**Directions**
Everything in the listing below except the pictures should be reproduced exactly.

**Collected data**
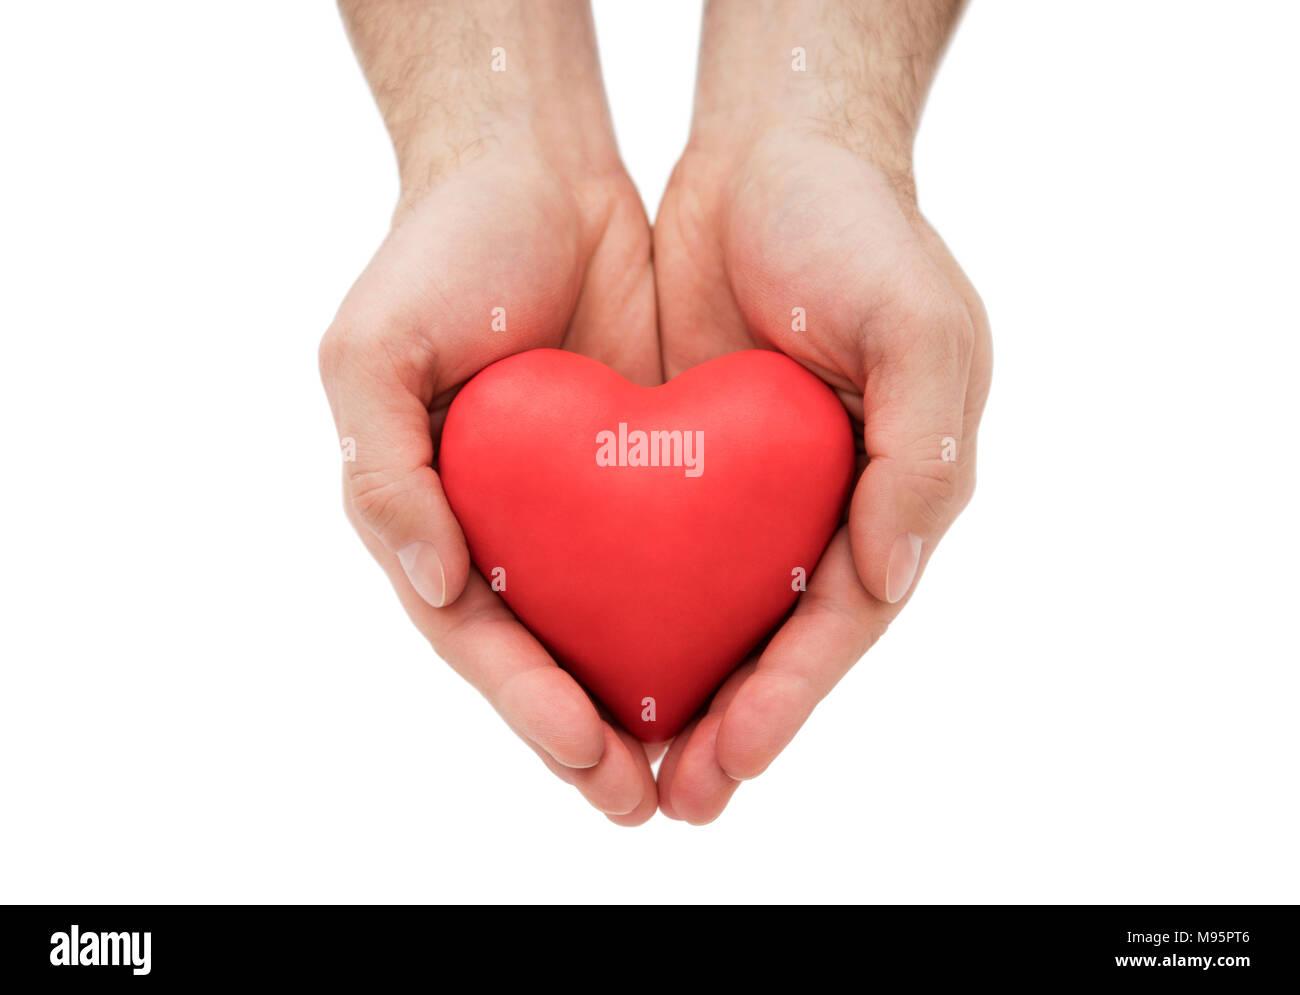 Corazón rojo en manos del hombre. Los seguros de salud o amor concepto Imagen De Stock
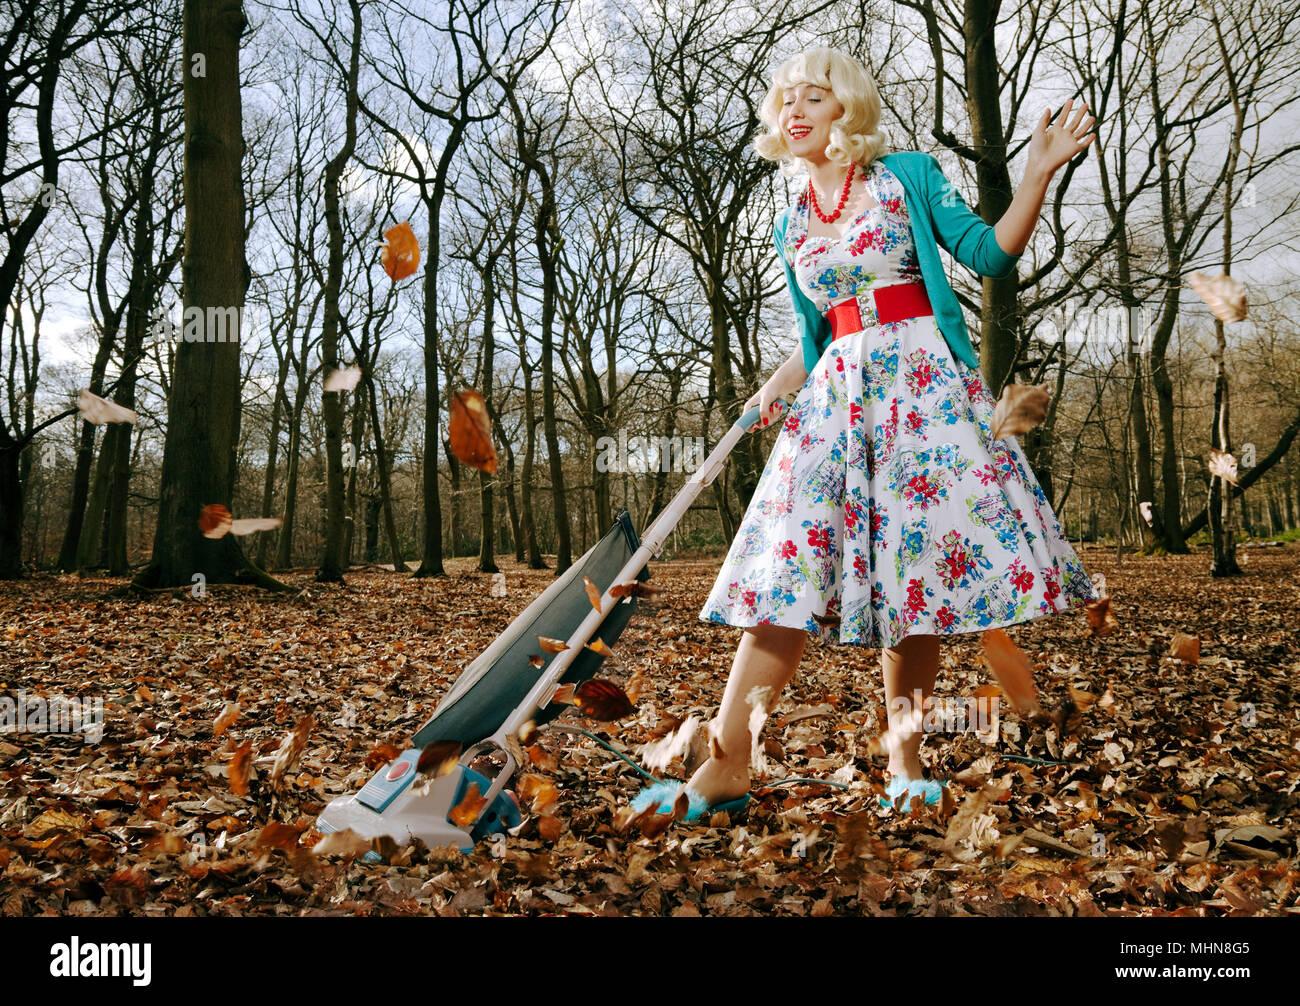 Donna in stile retrò aspirare foglie dei boschi Immagini Stock
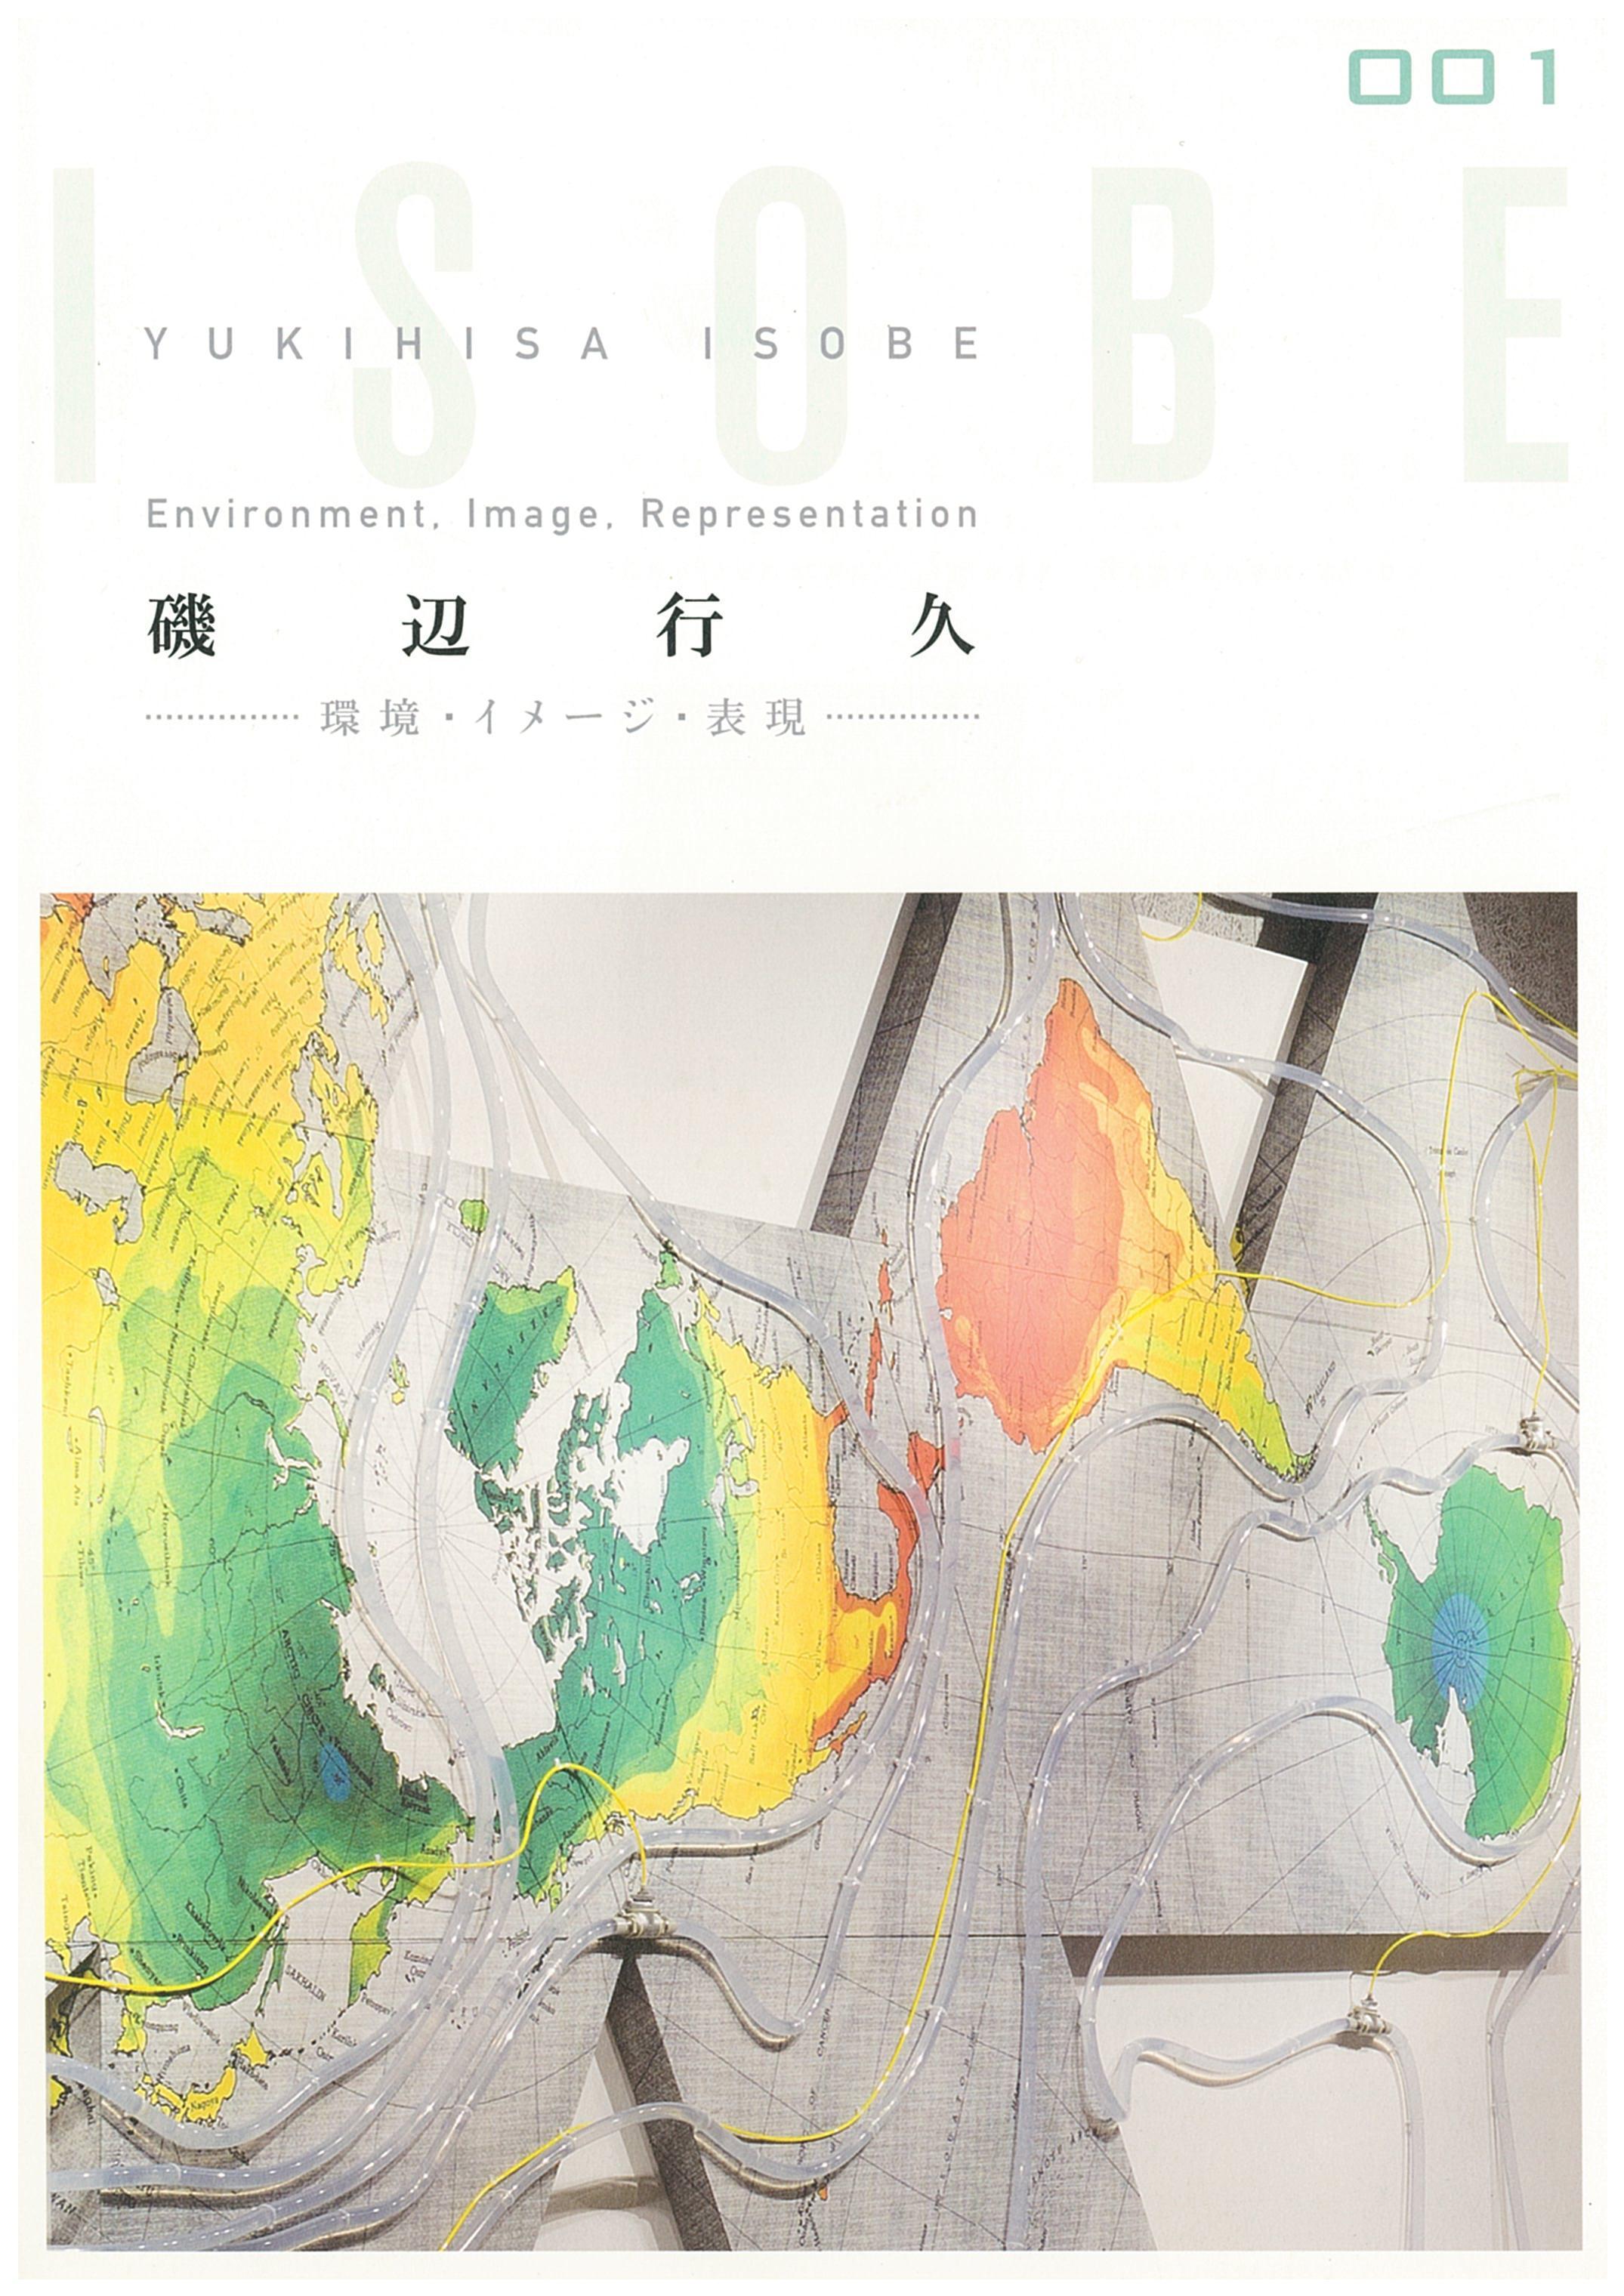 Ichihara Lakeside Museum 001 Yukihisa Isobe; Environment, Image, Representation

**Answer box**
 Corazón rojo en manos del hombre. Los seguros de salud o amor concepto Imagen De Stock
 Donna in stile retrò aspirare foglie dei boschi Immagini Stock
 Ichihara Lakeside Museum 001 Yukihisa Isobe; Environment, Image, Representation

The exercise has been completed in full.